Data structures – Stacks
Another fairly simple data structure this week - the stack. The stack is basically the reverse queue. Rather than the first item to arrive being the first to be served as with a queue in a stack the last item to arrive is the first to be served. The name comes from the idea of a stack of paper where you add pages at the top and then take them off the top again when you want them. Formally this behaviour is called LIFO (Last In First Out) as opposed to the FIFO (First In First Out) queue.
As you might imagine this is quite a restrictive data structure and the classical stack actually only has two operations
- push - add an element to the top of the stack
- pop - take the top element off the stack and give it to you
You'll notice that pop and push are inverses since pop removes the top element from the stack and gives it back to you. This isn't always what you want since you might find that you have to simply push the element back onto the stack if you can't deal with it yet. To make this easier a lot of stack implementations also have a snoop operation which tells you what is on the top of the stack without actually taking it off. What you never have in a true stack is a way of accessing an arbitrary element in the stack. If you can do that then you have an array that you are accessing in a "stack-like" way. This is also something that people quite often want to do, so you find that lists in Python have a "pop" method to remove the rightmost element (although the equivalent of "push" is called "append" for a Python list, probably because it is used for a lot more than making stacks).
Implementations of stacks are generally very simple. The simplest implementation is just an array with an index to the first free element in the stack. When an element is pushed it is added at that location and the index is moved on by one element. When a pop happens the element behind the index is given to the user and the index is moved back by one.

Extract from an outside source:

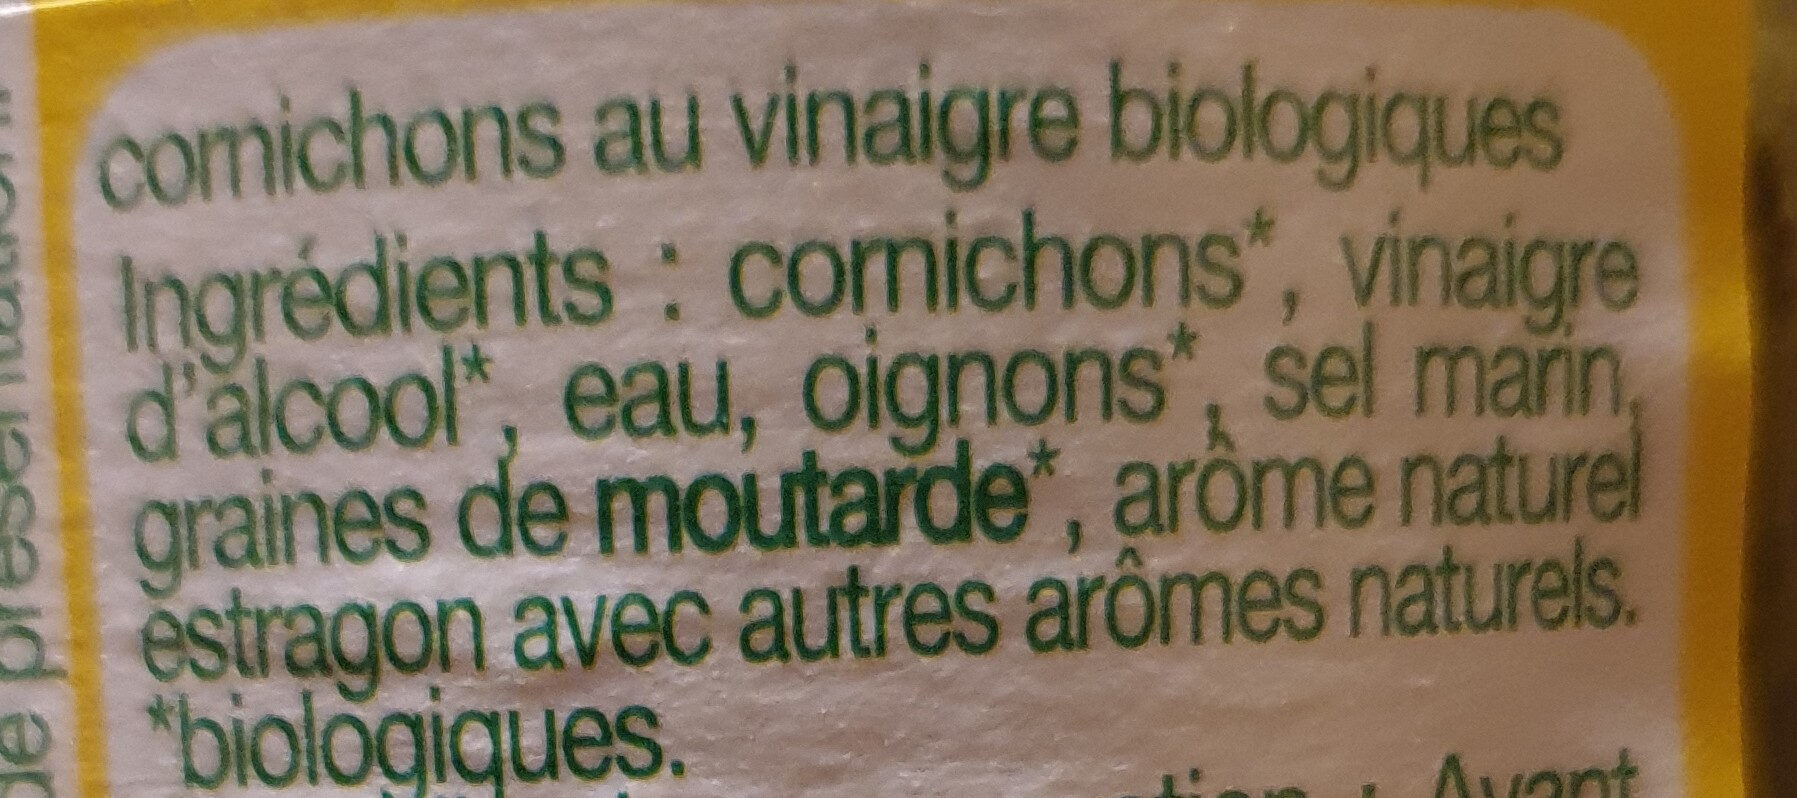 Cornichons au vinaigre - Ingrediënten - fr
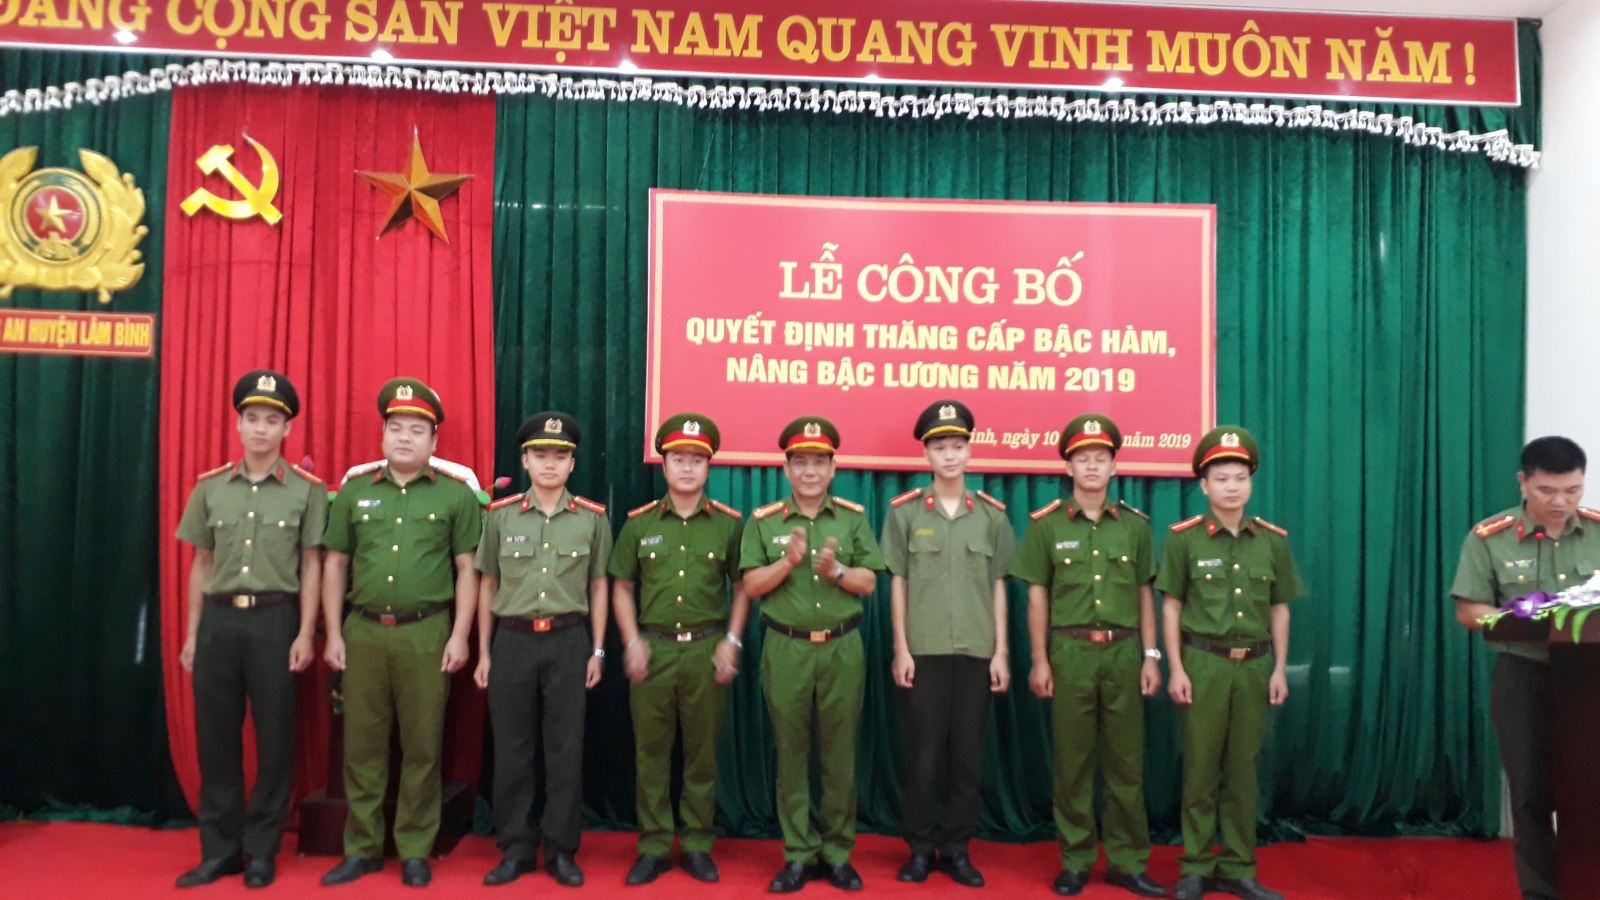 Công an huyện Lâm Bình công bố quyết định thăng cấp bậc hàm năm 2019

This will all work perfectly well until you run out of space in your array when, much as with the queue, you have to do something else. You can reallocate your stack to give yourself more space, copying the existing elements as you go, you can implement a stack using a linked list (which we will cover in a later post) which means that you won't run out of stack until you run out of memory or you can refuse to accept the new item an return an error. If you do nothing and accept the new item you access memory that you are not supposed to be using at all which can cause all kinds of problems from crashes to possible security exploits and this is called a buffer overrun, which might be familiar with as one of the most common things that are listed as the cause of security problems in software.
At this point it is worth drawing a distinction between the stack as a data structure and all of the other things that are called stacks. There are call stacks that were mentioned in the last blog post which described how a program got to be in the place where it is and there is an associated CPU feature called a "stack register" that holds this information. There is "stack memory" which together with "heap memory" make up the most common way of dealing with memory management in compiled codes and there are plenty of other stacks that turn up all over the place. In general they get the name because they implement a stack data structure (sometimes they used to be a stack back when the name was given to them but no longer do) and otherwise are not really related. You have to be rather careful because lots of things are called stacks and that name itself doesn't alway tell you very much. Always read the documentation!
A question that might come to mind is "what would I ever do with a stack?" They do seem rather less use than a queue and in practice they are mostly fairly "low-level" data structures that most people don't encounter much, but you can easily enough think of cases where they are useful. Their most useful feature is as a "memory" of a sequence of events that can then be undone. Many "undo" systems in software use stacks behind the scenes for exactly this reason. For the same reason they are often used in "depth-first search" algorithms which were first investigated (and still used!) as ways of solving mazes. They also crop up in algorithms to parse mathematical and programming languages (a good example being the Shunting Yard Algorithm, named after train shunting yards. You can easily see the similarity between a stack as described here and a train siding because you can only get carriages off a siding in the reverse of the order you put them in on). But in general you probably won't need to implement your own stacks very often but it is worth knowing about them because they are so ubiquitous in the lower layers underpinning all of modern software development.